The ApolloDialDb initiative created a global dialysis database with anonymized patient data from 40 countries to support kidney disease research and AI development.

## Contribution

The novel contribution is the creation of a harmonized, anonymized multinational dialysis database overcoming data integration and privacy challenges.

## Key findings

- ApolloDialDb includes data from 543,169 patients across 40 countries with regional demographic and treatment differences.
- The database contains over 175 million observations, including lab results, treatments, medications, and clinical outcomes.
- ApolloDialDb enables real-world research and AI model development to advance kidney disease understanding.

## Abstract

Large amounts of data are captured during dialysis, yet multinational datasets are scarce because of challenges in harmonizing and integrating clinical data, as well as complying with data protection regulations across the world. A global kidney care provider, Fresenius Medical Care, approached this challenge and finalized the creation of an anonymized dialysis database, coined ApolloDialDb (Apollo). We report on the approach used for database creation and detail dialysis patient characteristics globally.

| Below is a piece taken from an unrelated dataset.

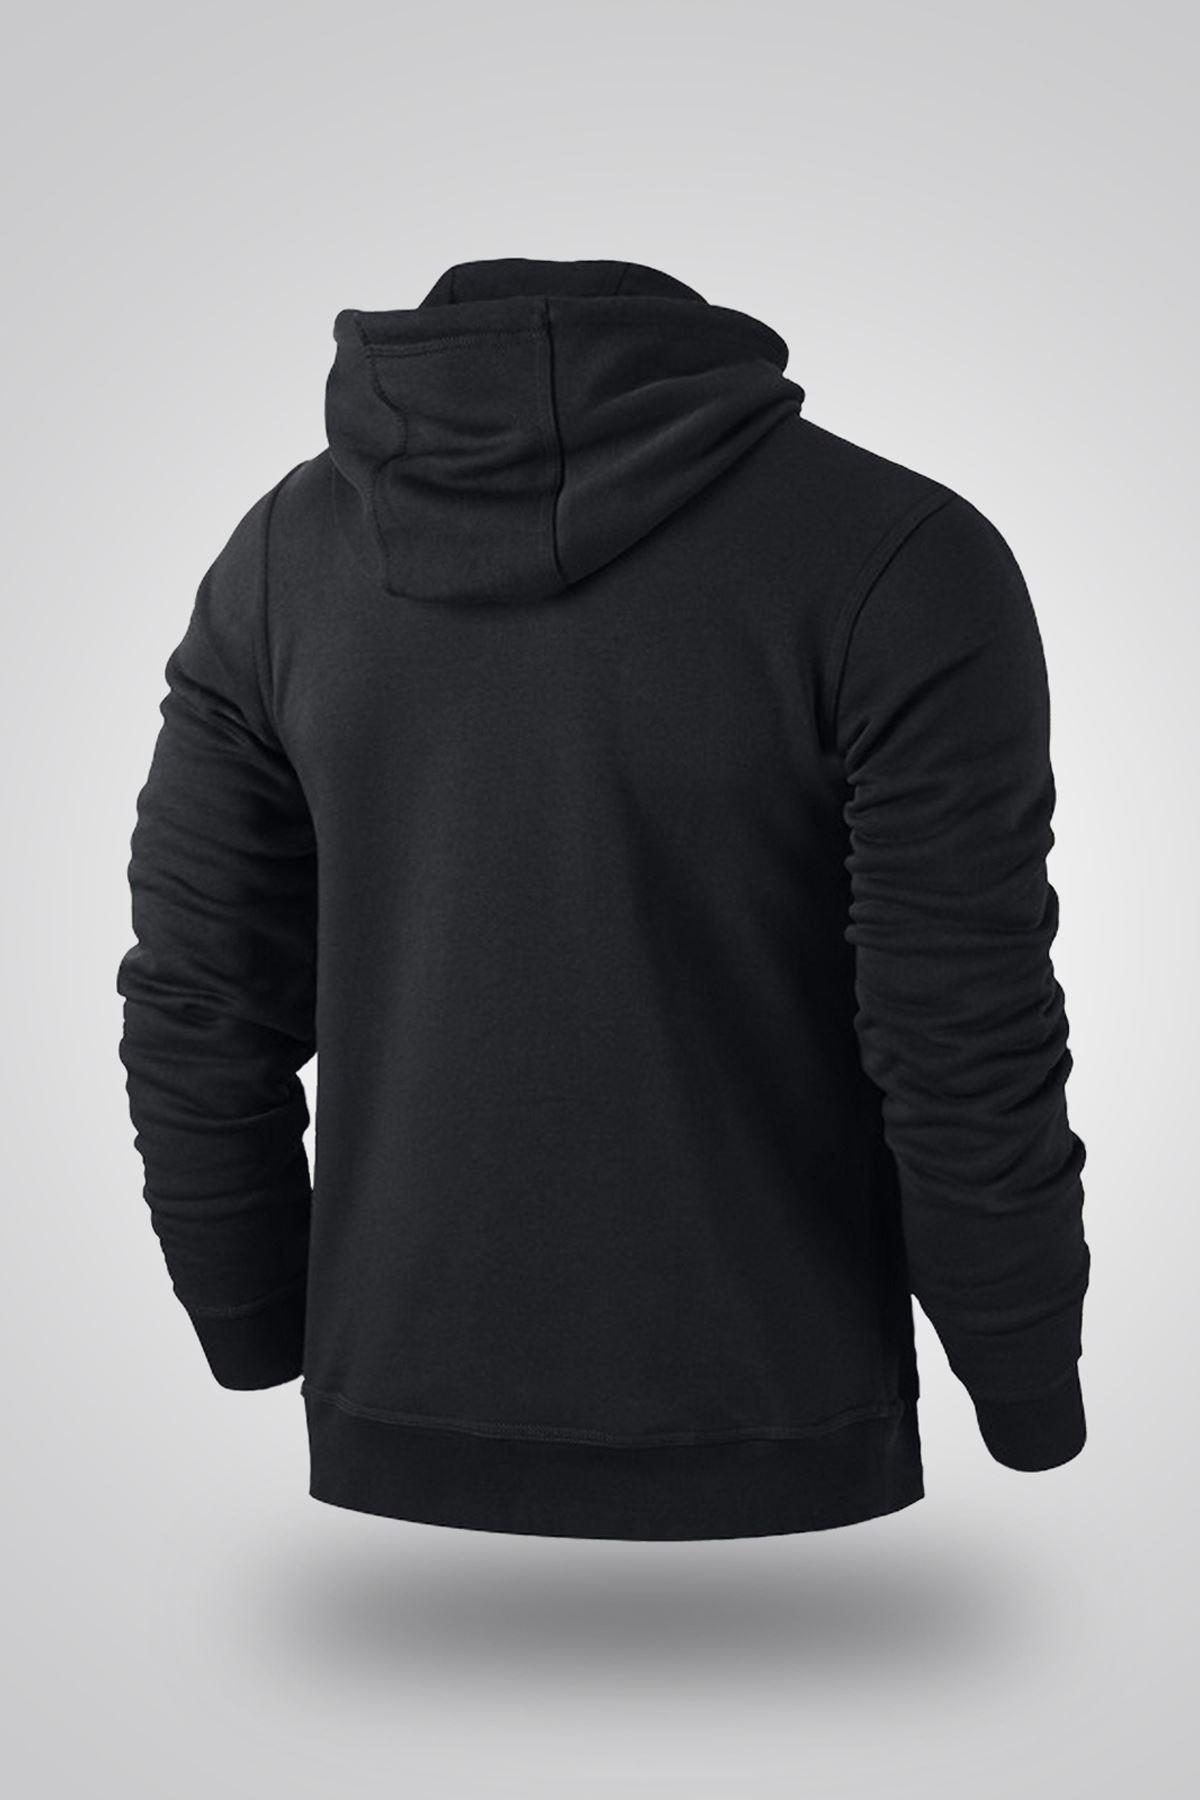 Air Jordan 06 Siyah NBA Erkek Kapşonlu Sweatshirt - Hoodie
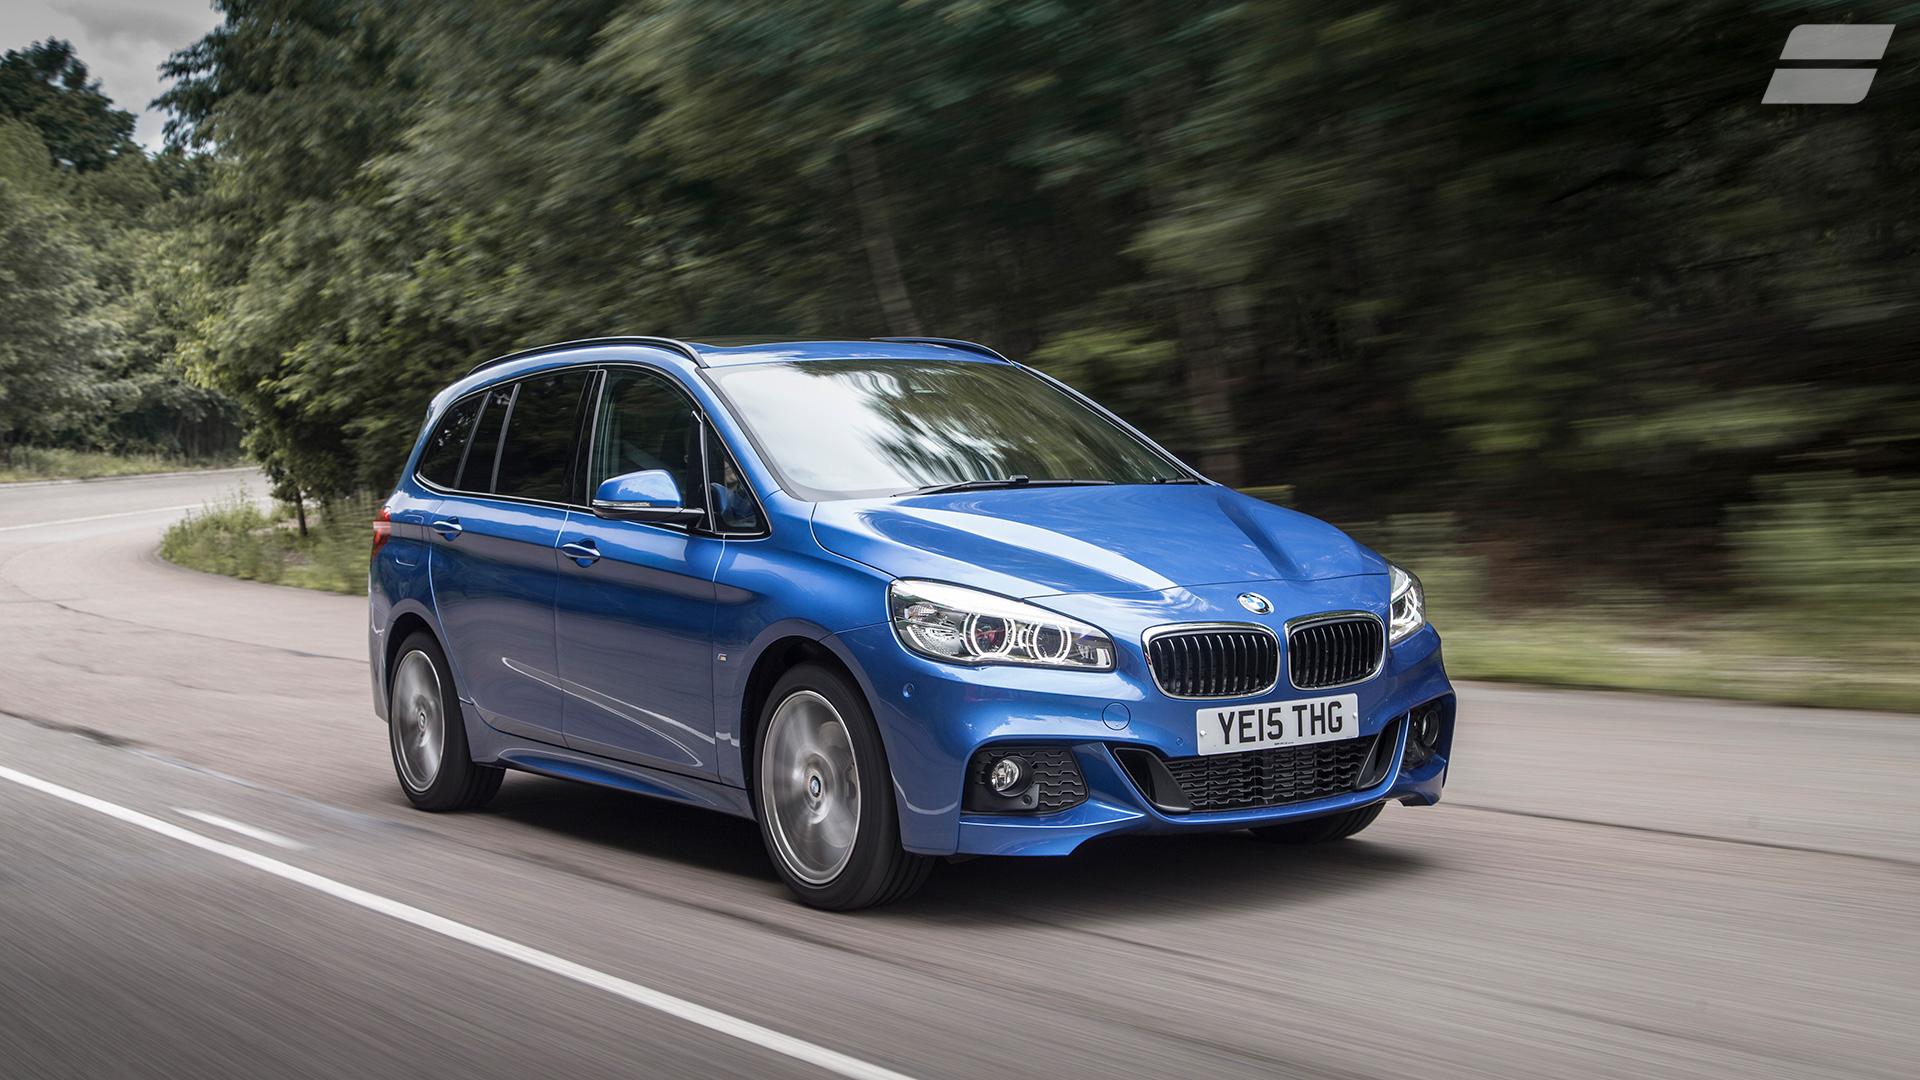 Safe Auto Insurance Reviews >> BMW 2 Series Gran Tourer MPV (2015 - ) review | Auto Trader UK

To create this globally distributed multinational database, data from different electronic clinical systems were extracted, covering routinely collected medical information from dialysis clinics worldwide. This data were harmonized, and then anonymized following a reidentification risk assessment conducted by the external company Privacy Analytics, Ontario, Canada. The data was consolidated and is stored in a central cloud environment and will be updated periodically.

Apollo captures data from January 2018 to March 2021 from 40 countries and 543,169 patients worldwide (4.6% in Asia-Pacific [AP], 13.9% in Europe, Middle East, and Africa [EMEA], 7.0% in Latin America [LA], and 74.5% in North America [NA]). It contains demographic data, 35,874,039 laboratory, and 140,016,249 treatment observations as well as frequently recorded medication information, and clinical outcomes (e.g., hospitalization and mortality). Several regional differences can be observed using these data, such as age, treatment modality, and treatment time.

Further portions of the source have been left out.